When RIs make sense:
- You have predictable, stable workloads that won't change instance type
- You're running databases (RDS RIs are especially valuable)
- You want maximum discount and are confident in your capacity planning
When they don't:
- You're likely to change instance families as your architecture evolves
- Your workloads fluctuate significantly
- You're early-stage and uncertain about future needs
Savings Plans
Savings Plans are more flexible. You commit to a dollar amount per hour of compute usage, and the discount applies automatically across instance families, sizes, and even regions (with Compute Savings Plans).

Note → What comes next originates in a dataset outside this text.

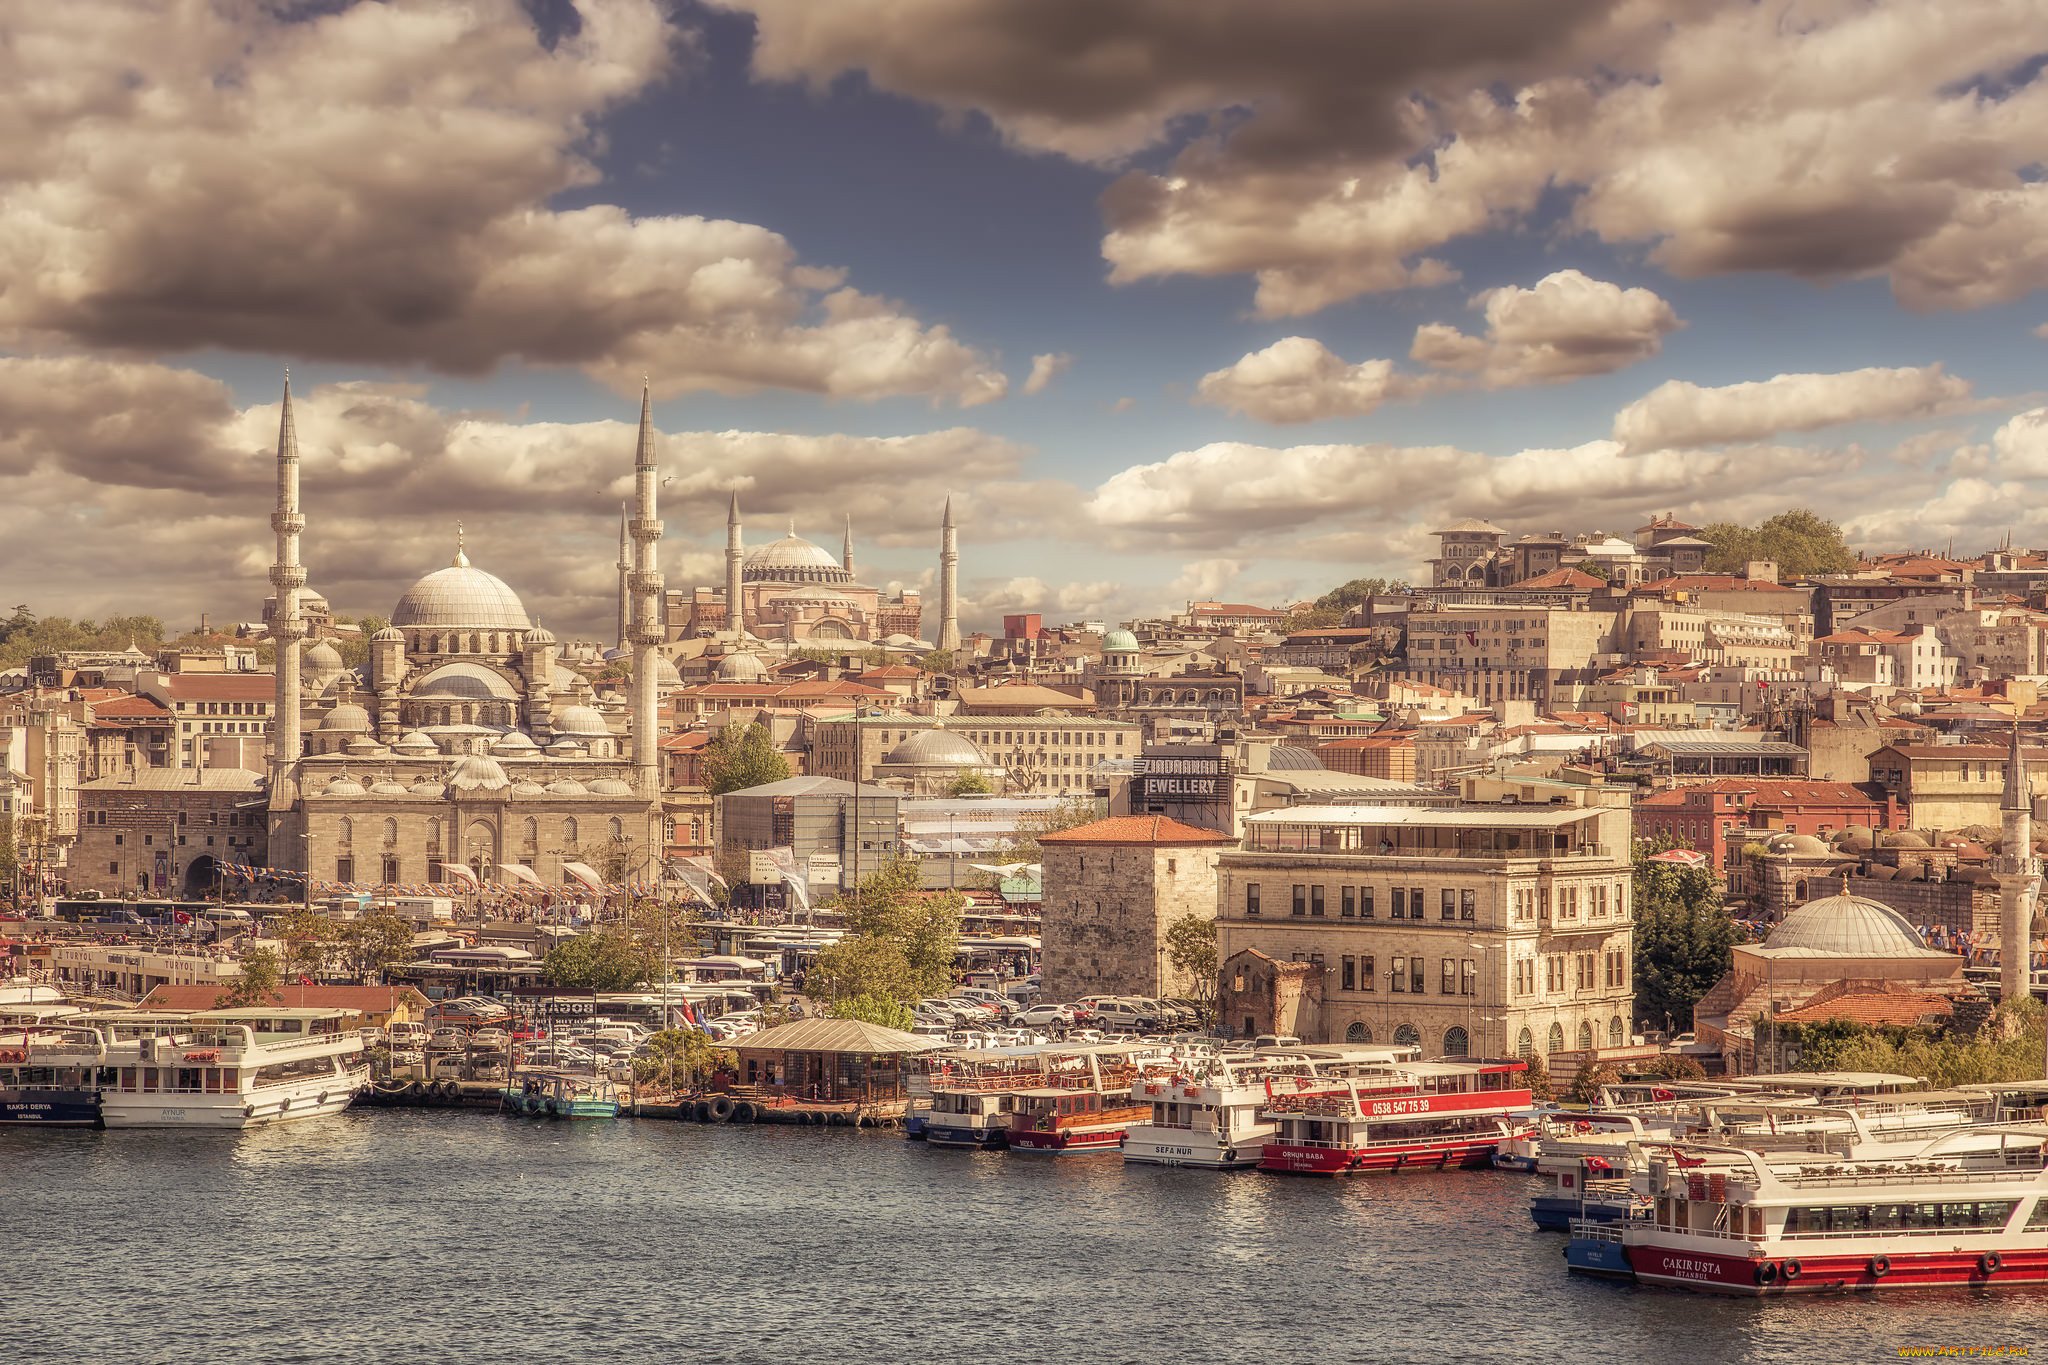 Фото Стамбула в хорошем качестве

When Savings Plans make sense:
- You want flexibility to change instance types without losing your discount
- You run diverse workloads across multiple instance families
- You use both EC2 and Fargate/Lambda
- You want simpler management
When they don't:
- Very few cases. Savings Plans are generally the better default choice for most organizations.
Our Recommendation
For most SMBs, start with Savings Plans. They give you 80-90% of the savings with significantly more flexibility. Layer RIs on top for specific workloads you're confident won't change — like your primary database.
The worst strategy is no strategy at all. Even a conservative commitment covers your baseline usage and saves real money.
How to Calculate Your Baseline
Look at your last 90 days of usage in Cost Explorer. Find your minimum consistent hourly spend. That's your safe commitment level — the floor you'll use regardless of fluctuations. Start there and adjust quarterly.